Spectral magnitude representation for multi-band excitation speech coders

A method for encoding a speech signal into digital bits including the steps of dividing the speech signal into speech frames representing time intervals of the speech signal, determining voicing information for frequency bands of the speech frames, and determining spectral magnitudes representative of the magnitudes of the spectrum at determined frequencies across the frequency bands. The method further includes quantizing and encoding the spectral magnitudes and the voicing information. The steps of determining, quantizing and encoding the spectral magnitudes is done is such a manner that the spectral magnitudes independent of voicing information are available for later synthesizing.

Skip to:  ·  Claims  ·  References Cited  · Patent History  ·  Patent History

Claims

1. A method for encoding a speech signal into a plurality of digital bits from which the speech signal can later be synthesized, the method comprising the steps of:

processing the speech signal to divide the signal into a plurality of speech frames, each of the speech frames representing a time interval of the speech signal;
processing the speech frames to determine voicing information for a plurality of frequency bands of the speech frames;
processing the speech frames to determine spectral magnitudes representative of the magnitudes of the spectrum at determined frequencies across the frequency bands, and
quantizing and encoding the spectral magnitudes and the voicing information for subsequent use in decoding and synthesizing the speech signal,
wherein the processing of the speech frames to determine spectral magnitudes and the quantizing and encoding of the spectral magnitudes is done in such a manner that spectral magnitudes independent of the voicing information are available for later synthesizing.

2. Apparatus for encoding a speech signal into a plurality of digital bits from which the speech signal can later be synthesized, the apparatus comprising:

means for processing the speech signal to divide the signal into a plurality of speech frames, each of the speech frames representing a time interval of the speech signal;
means for processing the speech frames to determine voicing information for a plurality of frequency bands of the speech frames;
means for processing the speech frames to determine spectral magnitudes representative of the magnitudes of the spectrum at determined frequencies across the frequency bands, and
means for quantizing and encoding the spectral magnitudes and the voicing information for subsequent use in decoding and synthesizing the speech signal,
wherein the processing of the speech frames to determine spectral magnitudes and the quantizing and encoding of the spectral magnitudes is done in such a manner that spectral magnitudes independent of the voicing information are available for later synthesizing.

3. The subject matter of claim 1 or 2, wherein the speech signal is processed to estimate a parameter representative of the fundamental frequency, and the determined frequencies are harmonic multiples of the fundamental frequency.

4. The subject matter of claim 3, wherein the parameter representative of the fundamental frequency is quantized and encoded for each of the speech frames, so that the digital bits include information representing the spectral magnitudes, voicing information, and fundamental frequency.

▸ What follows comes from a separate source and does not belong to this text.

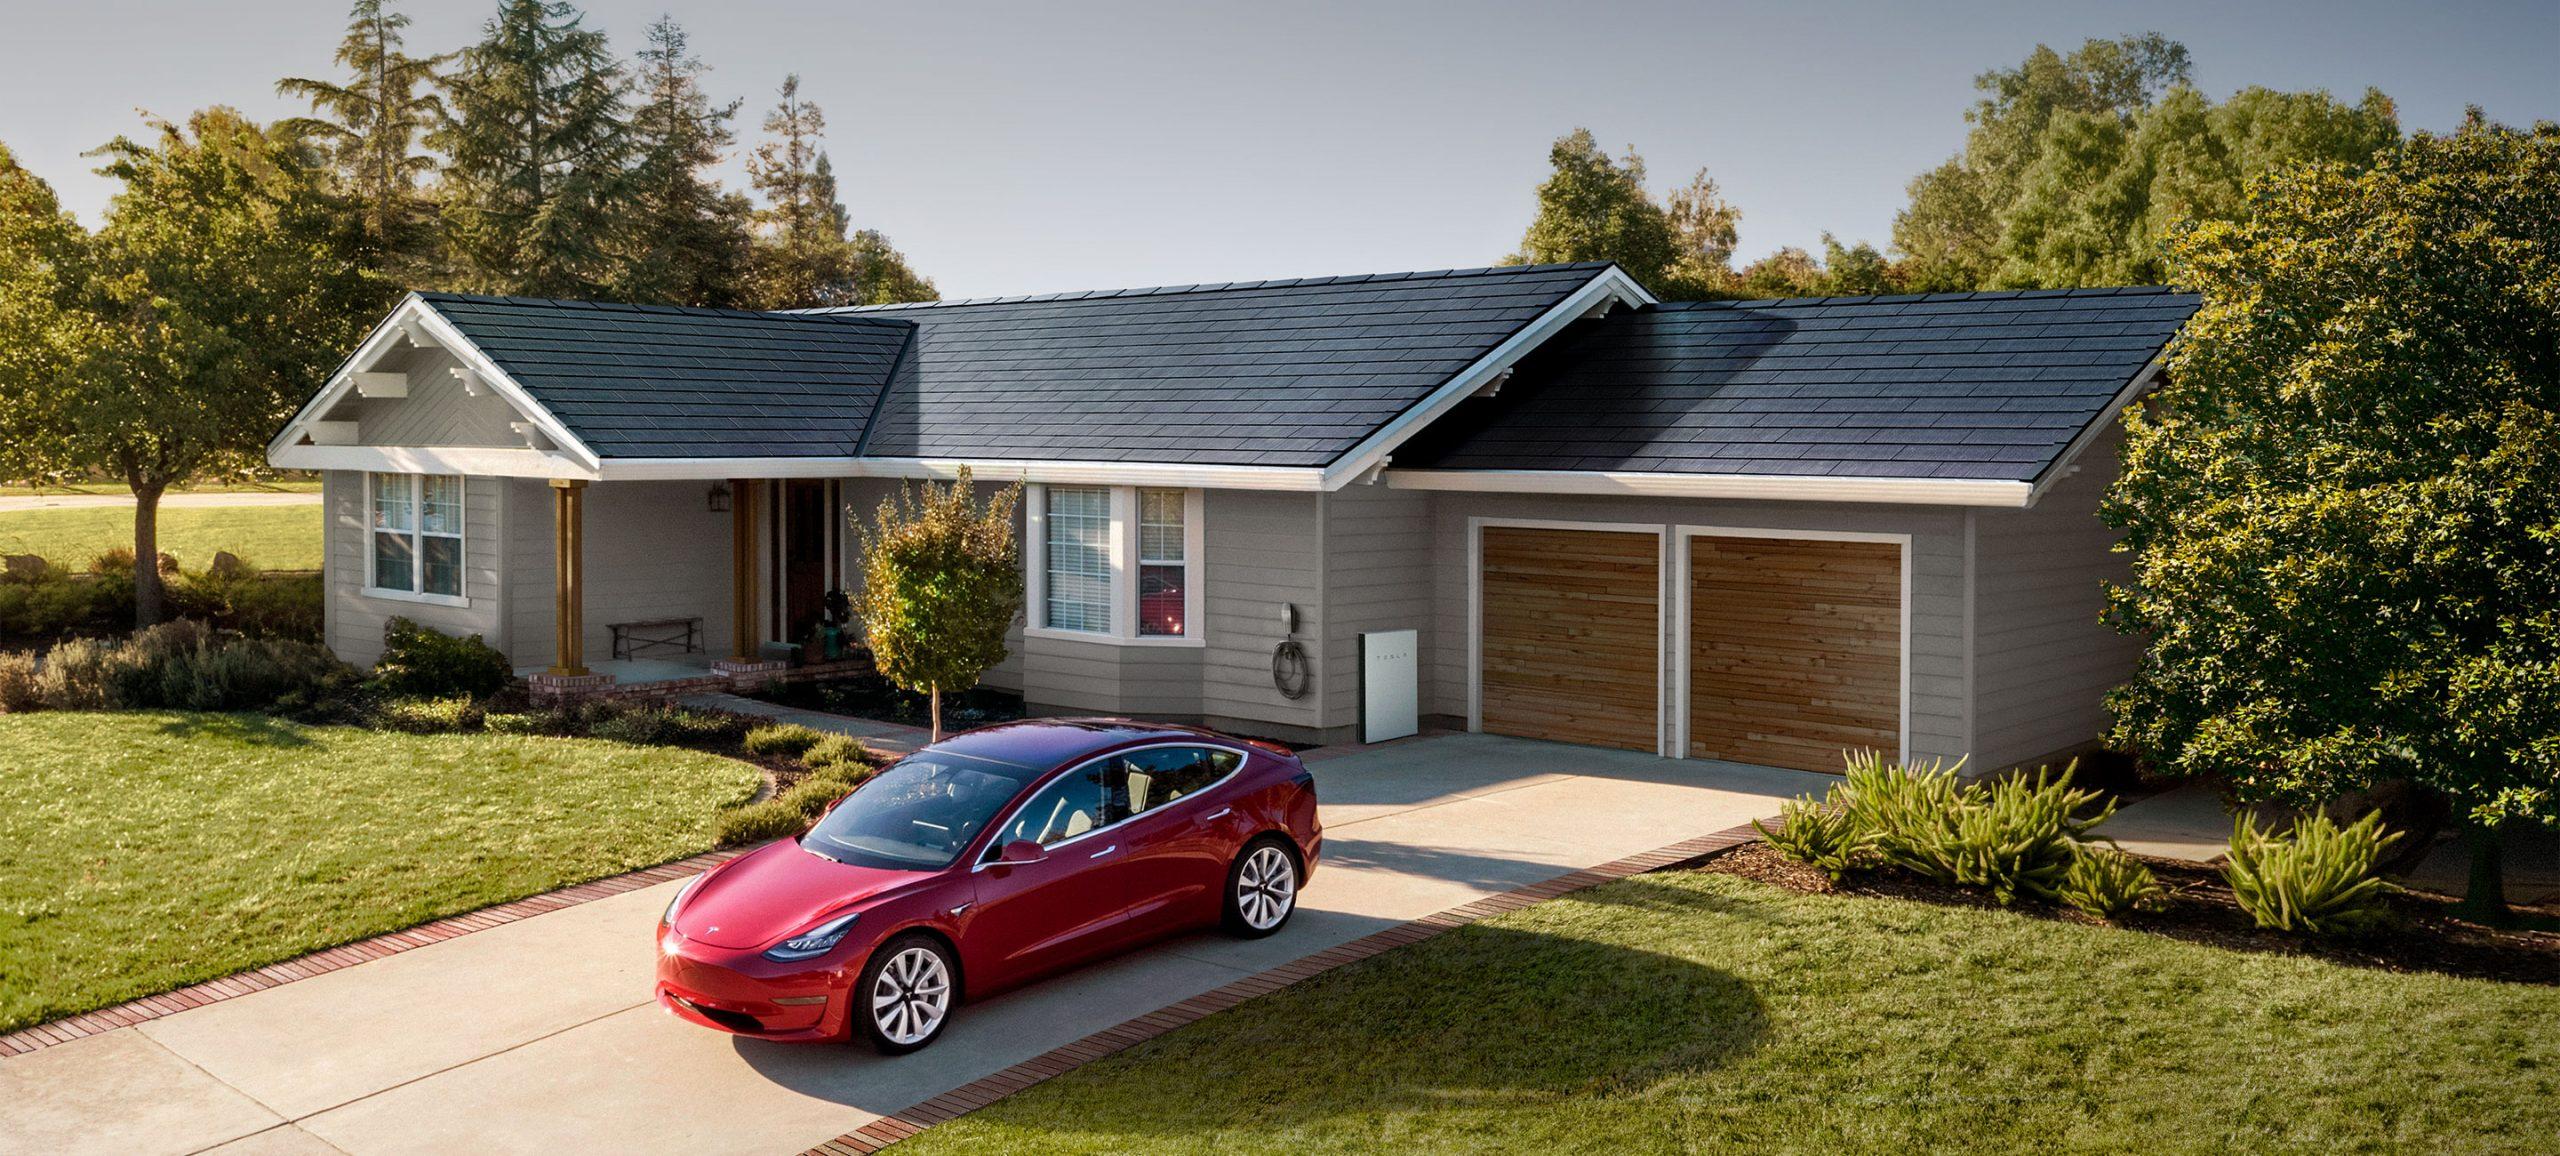 Tesla Solar Roof tiles slates

5. The subject matter of claim 4, wherein the digital bits include redundant bits providing forward error correction coding.

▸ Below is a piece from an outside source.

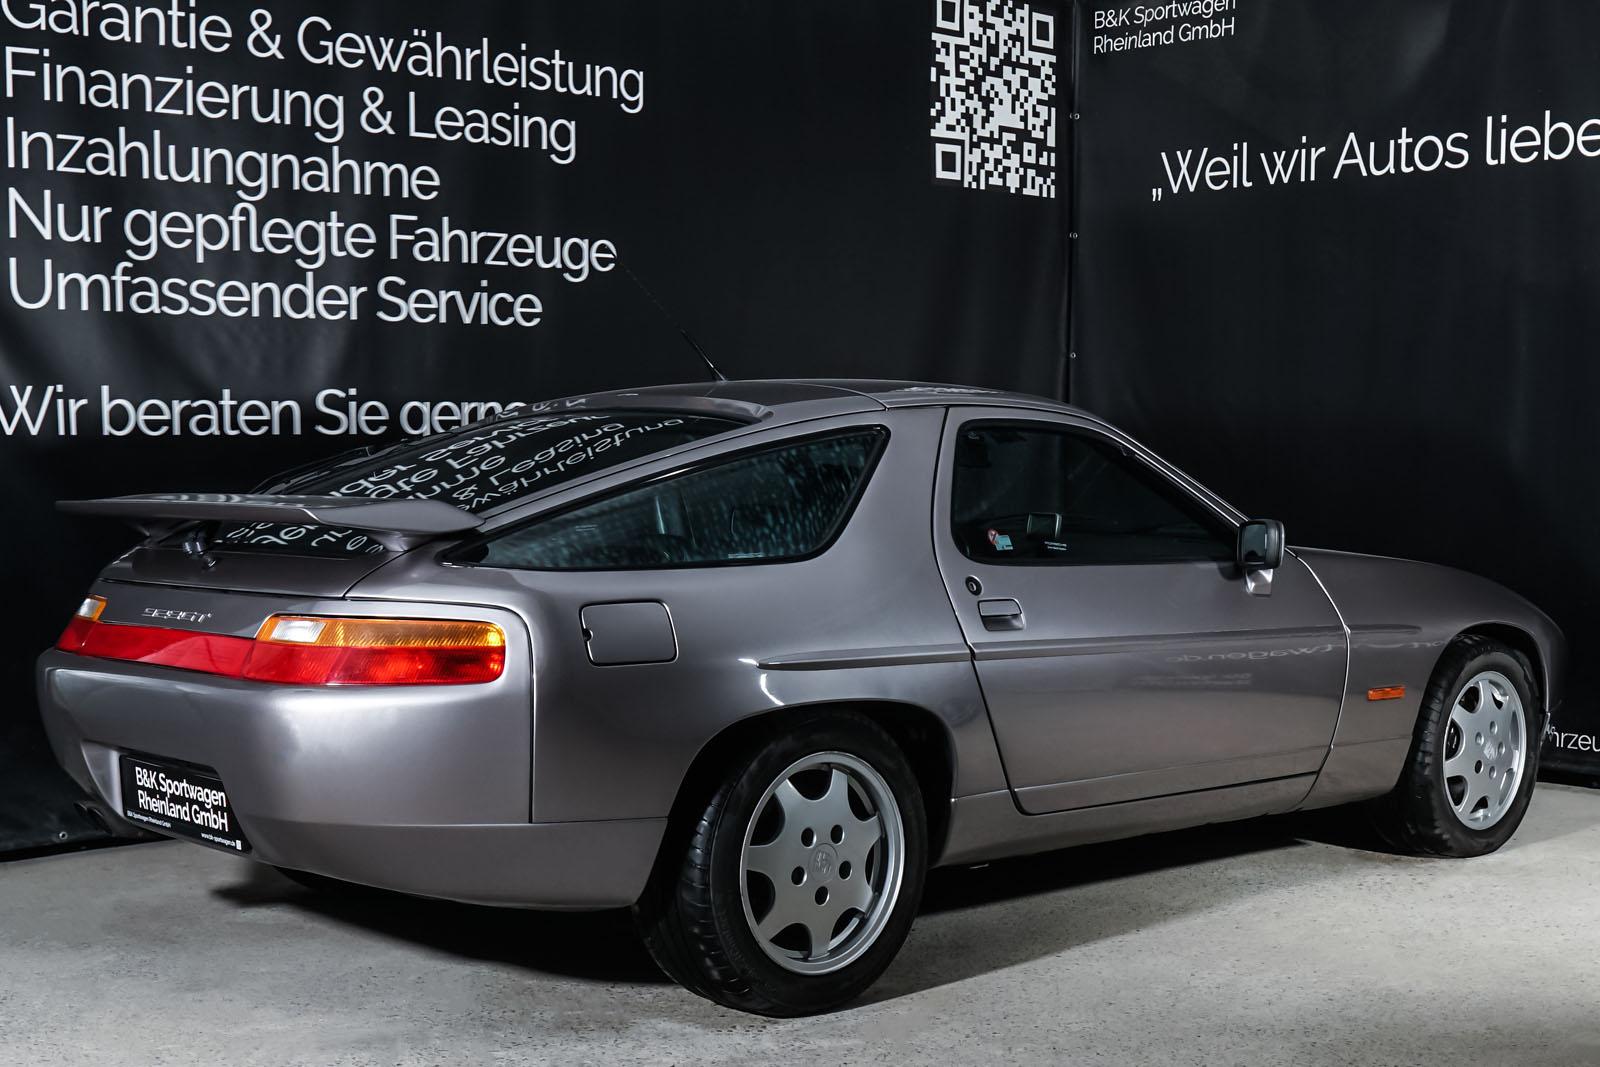 Porsche_928_Grau_Schwarz_POR-0325_14_w

6. The subject matter of claim 5 wherein the forward error correction coding includes Golay codes and Hamming codes.

7. The subject matter of claim 3, wherein the processing of the speech frames to determine the spectral magnitudes is done independently of the voicing information for the frame.

8. The subject matter of claim 7, wherein the voicing information represents whether particular frequency bands within a speech frame are processed as voiced or unvoiced bands, and the processing to determine spectral magnitudes determines the spectral magnitude for a particular determined frequency independently of whether the determined frequency is in a frequency band that is voiced or unvoiced.

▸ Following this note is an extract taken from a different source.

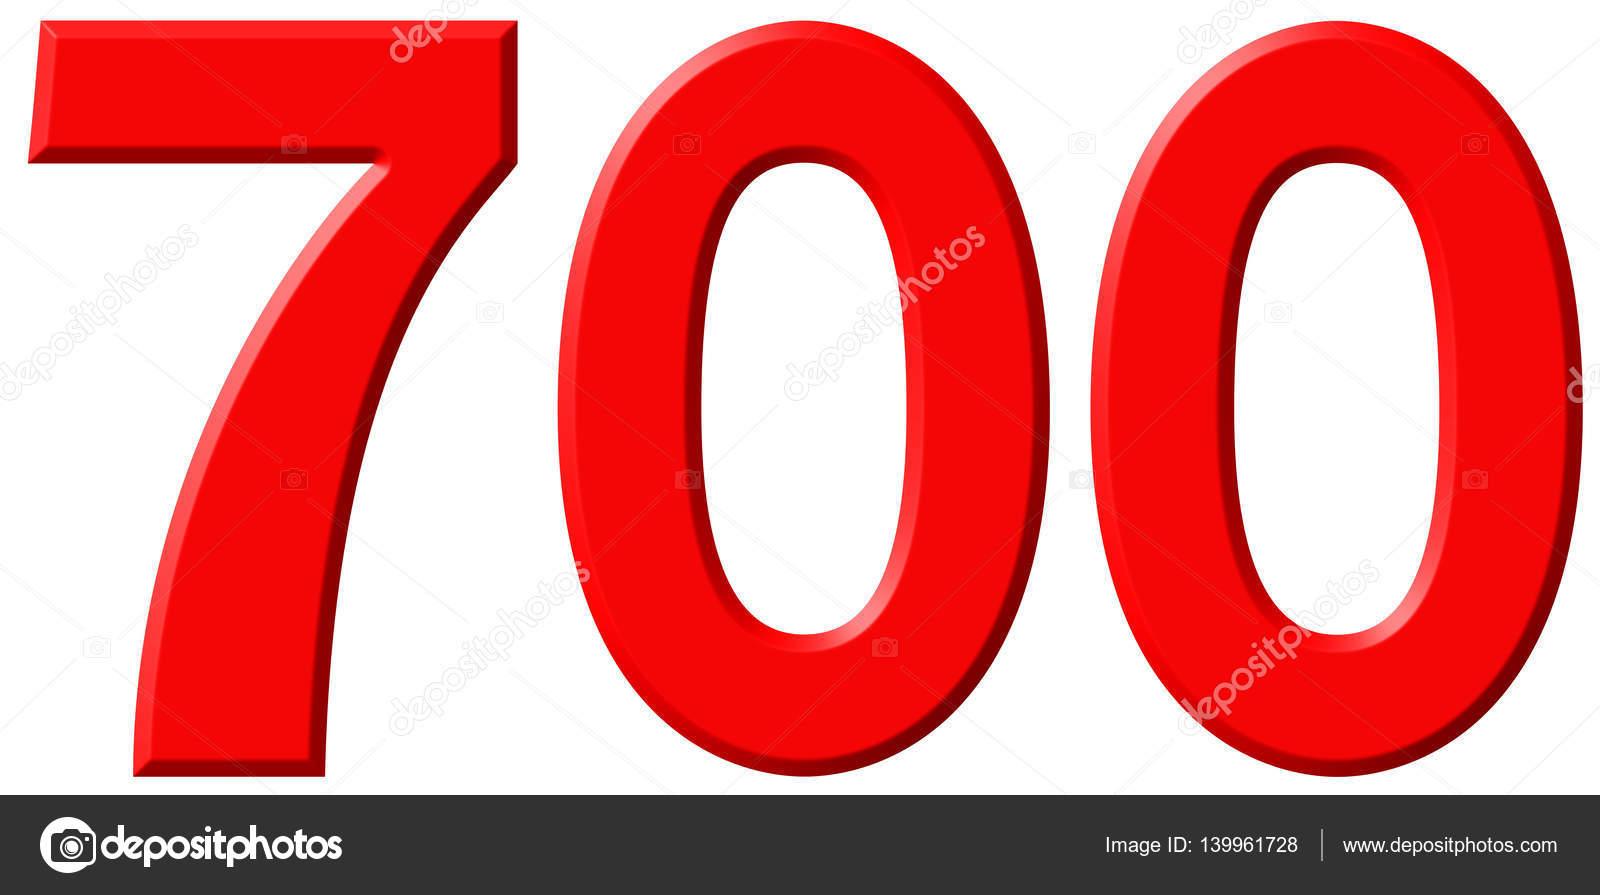 = 700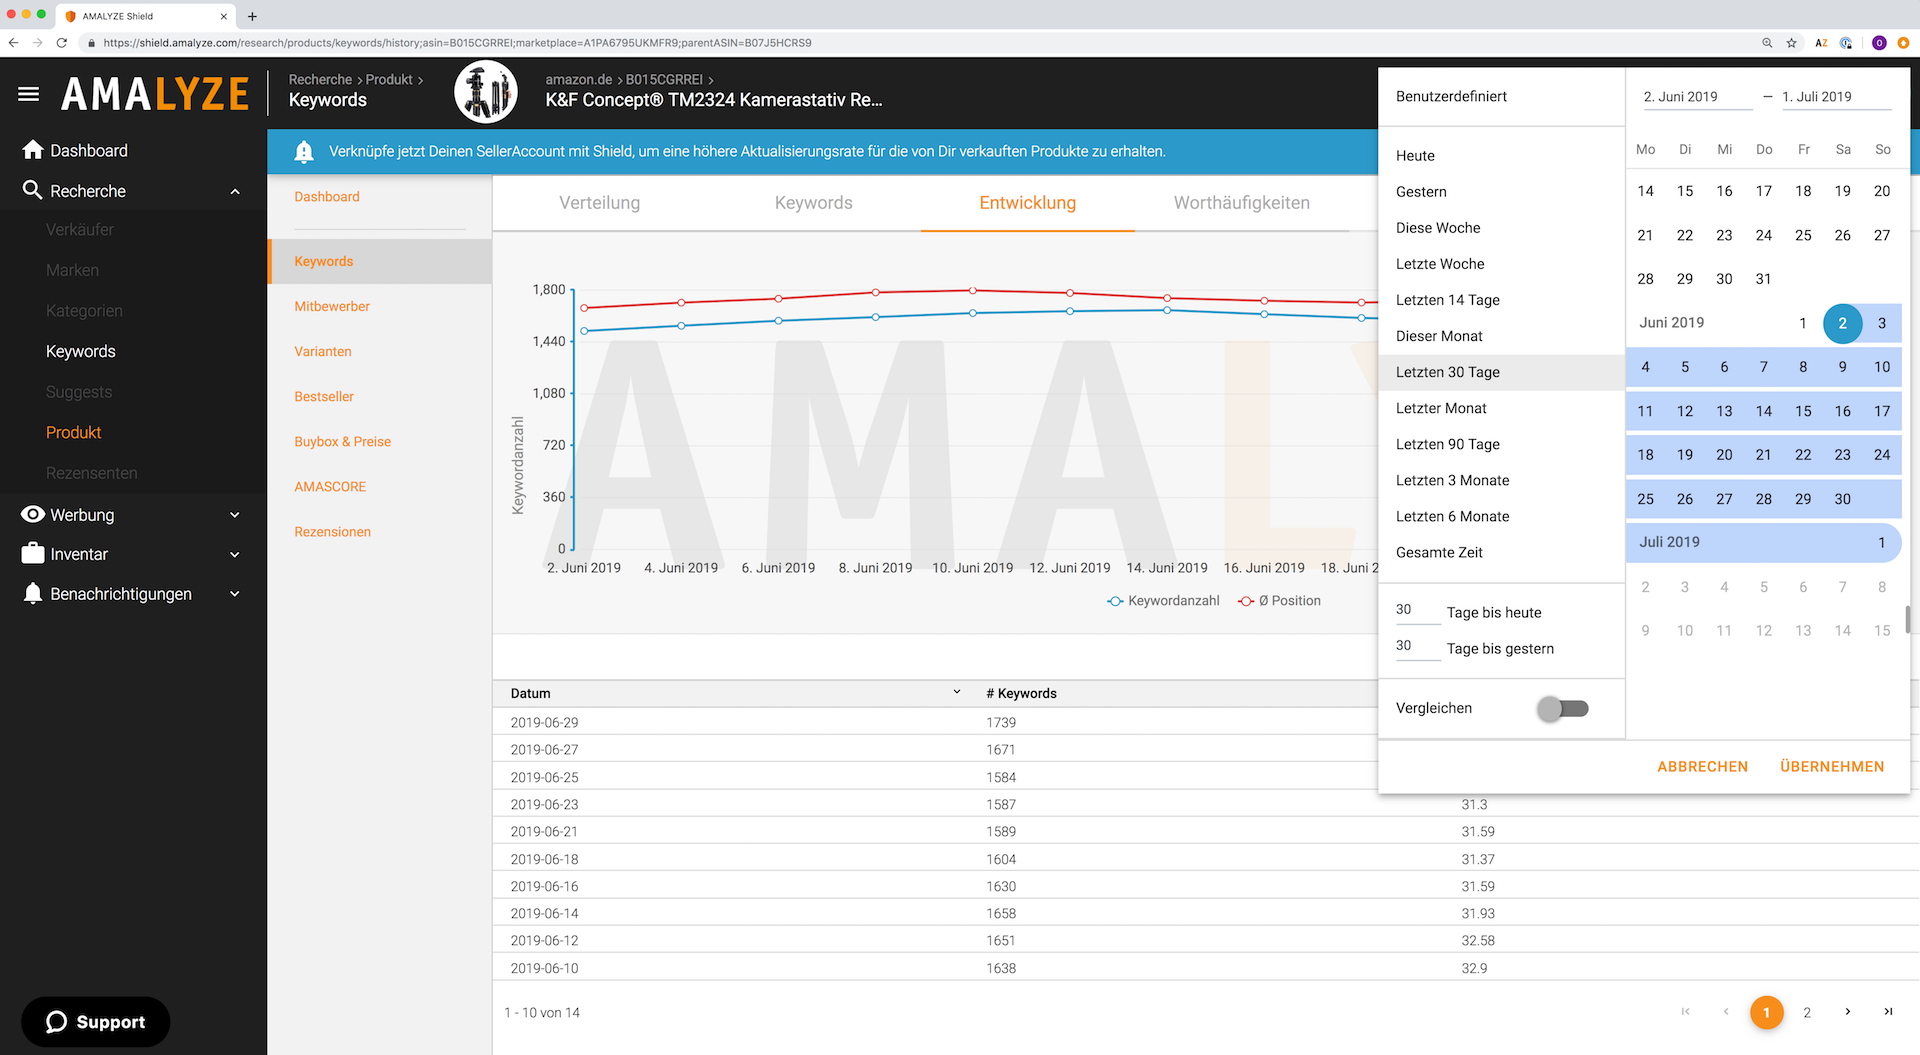 Amazon Keyword Rankings sicht bar machen in AMALYZE Shield

9. The subject matter of claim 3, wherein the processing to determine spectral magnitudes includes a spectral transformation of the speech frames from time domain samples to frequency samples, and wherein the spectral magnitudes are formed as weighted sums of the frequency samples.

10. The subject matter of claim 9, wherein weights used in producing the weighted sums have the effect of compensating for the sampling grid used in the spectral transformation.

11. The subject matter of claim 1 or 2, wherein the processing of the speech frames to determine the spectral magnitudes is done independently of the voicing information for the frame.

12. The subject matter of claim 11, wherein the voicing information represents whether particular frequency bands within a speech frame are processed as voiced or unvoiced bands, and the processing to determine spectral magnitudes determines the spectral magnitude for a particular determined frequency independently of whether the determined frequency is in a frequency band that is voiced or unvoiced.

13. The subject matter of claim 1 or 2, wherein the processing to determine spectral magnitudes includes a spectral transformation of the speech frames from time domain samples to frequency samples, and wherein the spectral magnitudes are formed as weighted sums of the frequency samples.

14. The subject matter of claim 13 wherein weights used in producing the weighted sums have the effect of compensating for the sampling grid used in the spectral transformation.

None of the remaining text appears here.